冠字号查询系统中HBase写入数据性能测试

    机器说明:4台centos虚拟机,每台分别配置2G内存

    测试步骤:

为了方便测试,利用hbase shell新建表如下:

create 'identify01', {NAME => 'op_www', VERSIONS => 1000},SPLITS => ['AAAR3333','AABI6666']
create 'identify02', {NAME => 'op_www', VERSIONS => 1000},SPLITS => ['AAAR3333','AABI6666']
create 'identify03', {NAME => 'op_www', VERSIONS => 1000},SPLITS => ['AAAR3333','AABI6666']
create 'identify04', {NAME => 'op_www', VERSIONS => 1000},SPLITS => ['AAAR3333','AABI6666']
create 'identify05', {NAME => 'op_www', VERSIONS => 1000},SPLITS => ['AAAR3333','AABI6666']
create 'identify07', {NAME => 'op_www', VERSIONS => 1000},SPLITS => ['AAAR3333','AABI6666']
create 'identify08', {NAME => 'op_www', VERSIONS => 1000},SPLITS => ['AAAR3333','AABI6666']
create 'identify09', {NAME => 'op_www', VERSIONS => 1000},
SPLITS => [' AAAK3999',' AAAU7999',' AABF1999',' AABP5999']
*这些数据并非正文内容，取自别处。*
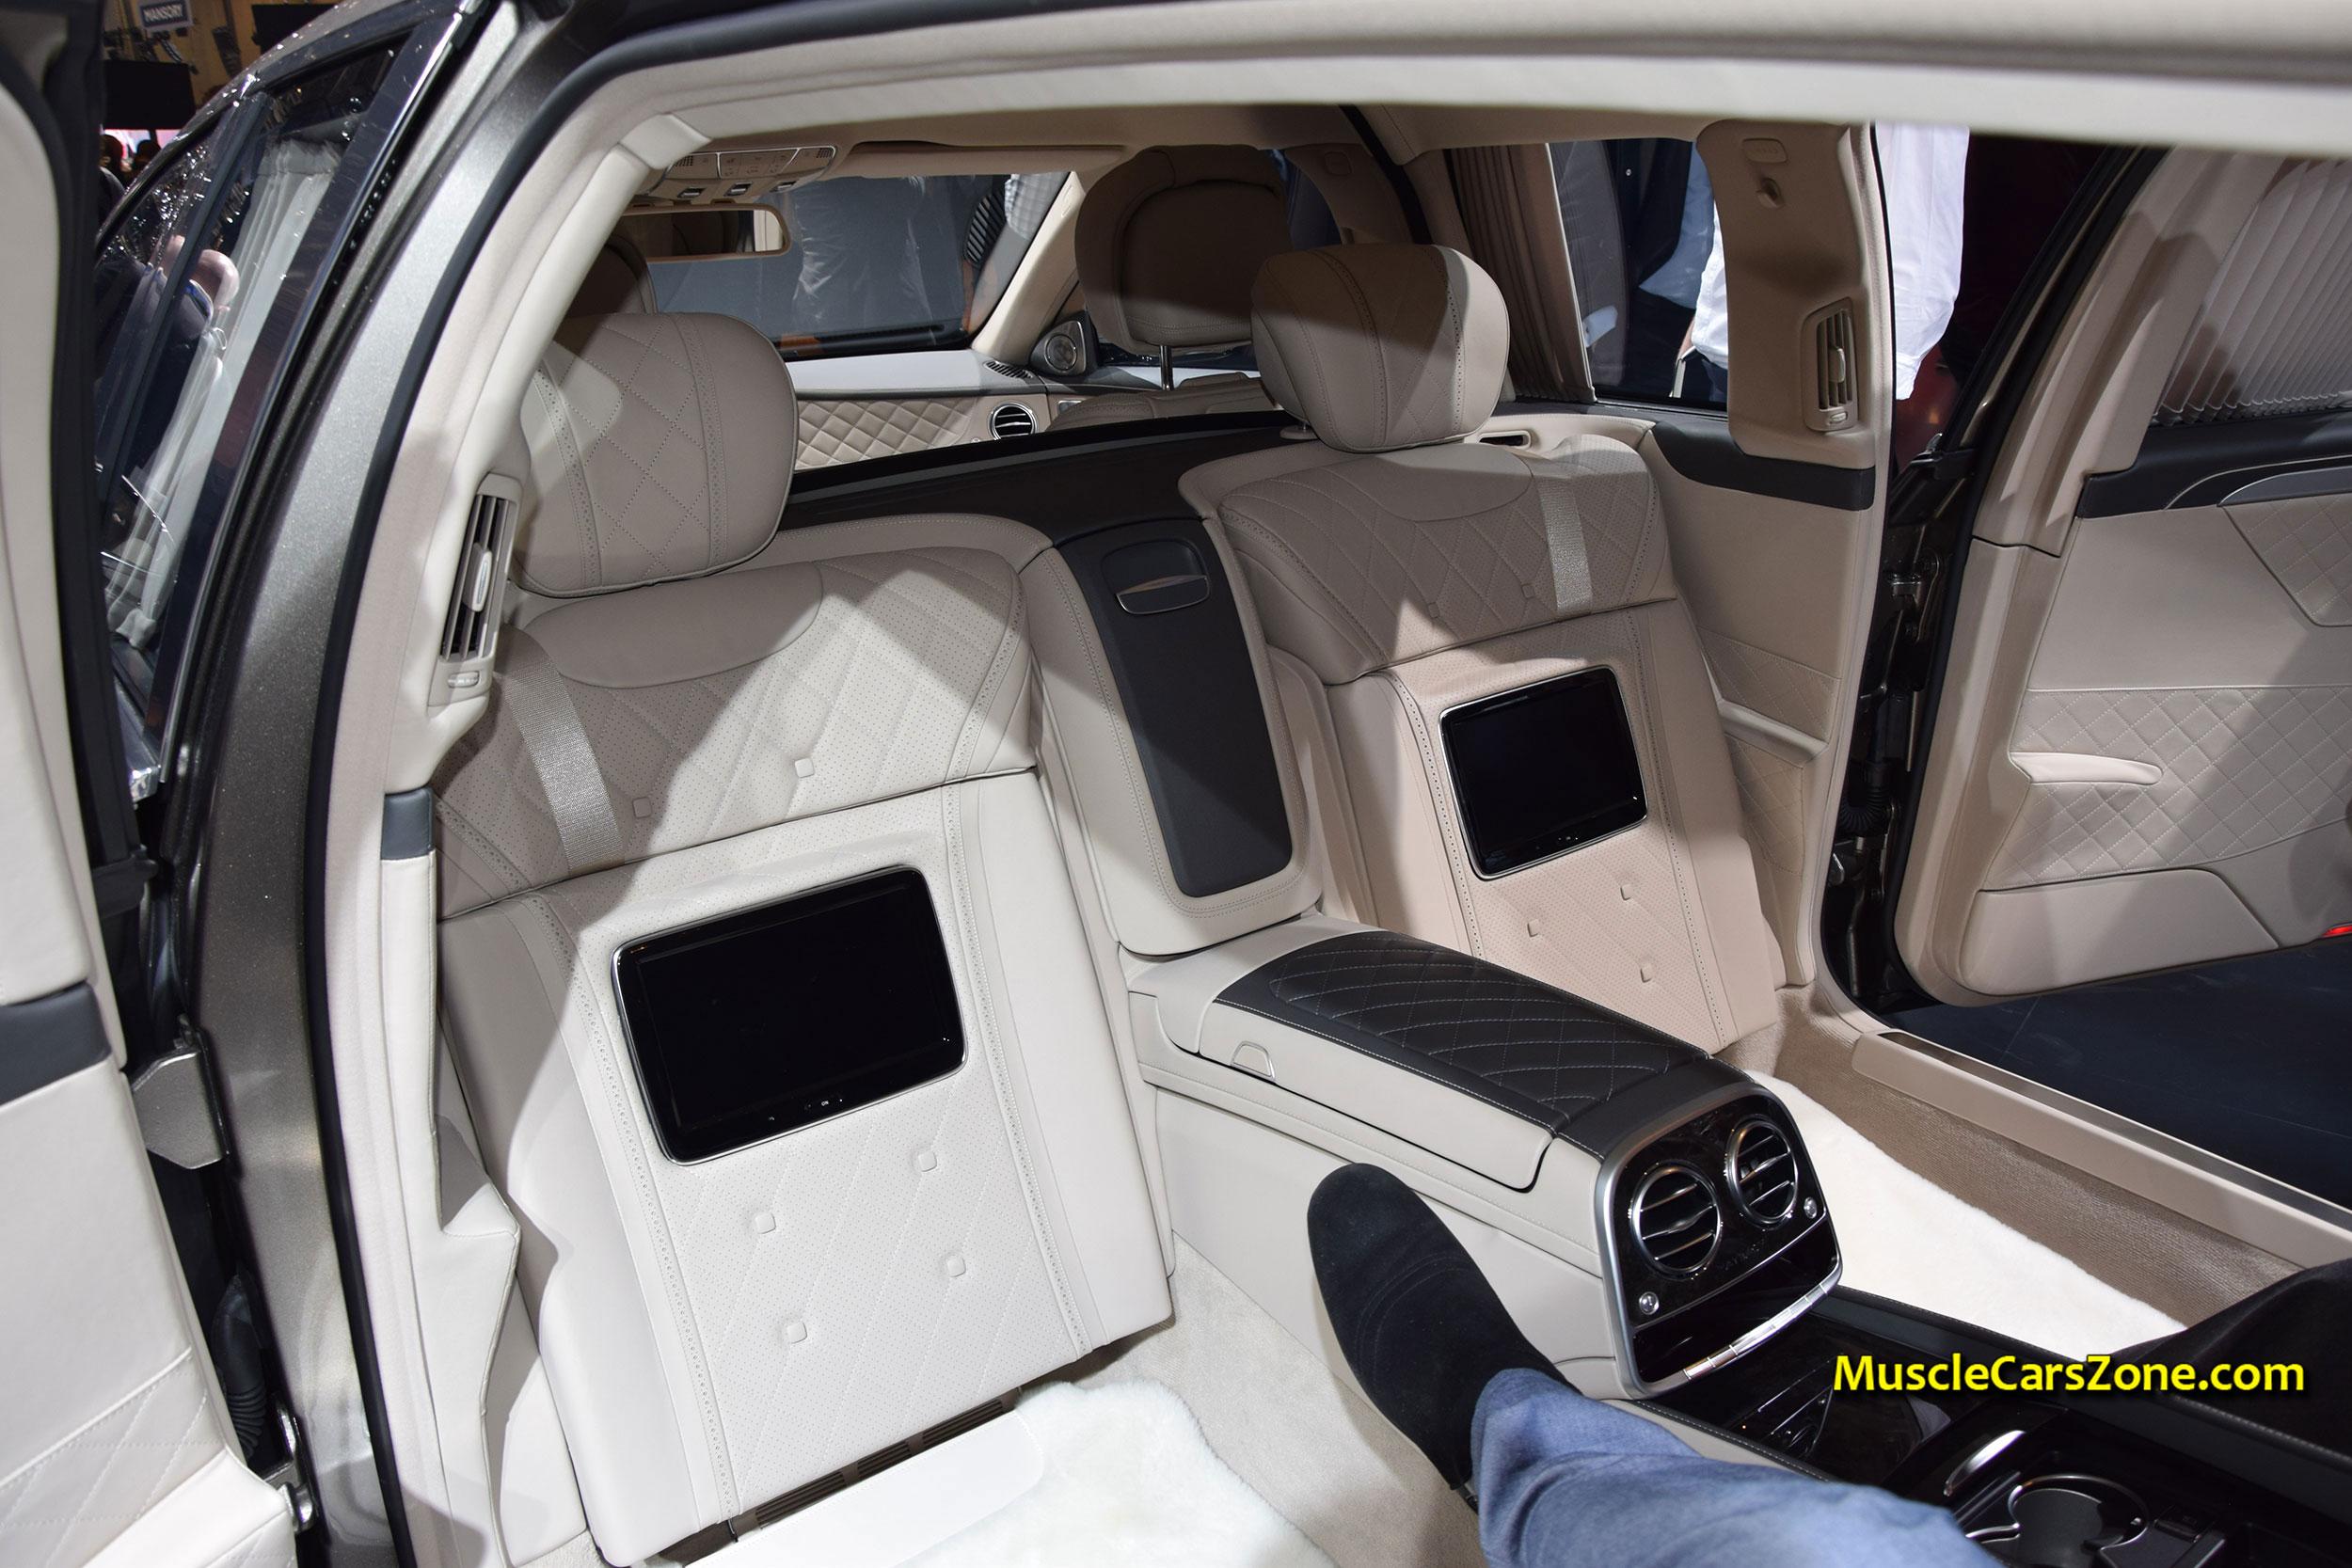 maybach interior 2015. 2015mercedesmaybachs600pullmaninterior042015genevamotorshow muscle cars zone maybach interior 2015

1.  利用hbase2hbase的MR程序将表'identify_rmb_records'的数据分别导入上述建立的表中。

2.  按照冠字号生成规则,随机生成10w条、20w条数据分别保存在test_10.txt、test_20.txt中。

3.  读取test_10.txt文件数据,然后利用HBase Java API单线程将数据插入identify01表中、利用HBase Java API多线程(5线程,每线程10w条数据)将数据插入identify03表中、利用HBase Java API多线程(10线程,每线程10w条数据)将数据插入identify04表中。

4.  读取test_20.txt文件数据,然后利用HBase Java API单线程将数据插入identify02表中、利用HBase Java API多线程(5线程,每线程20w条数据)将数据插入identify05表中。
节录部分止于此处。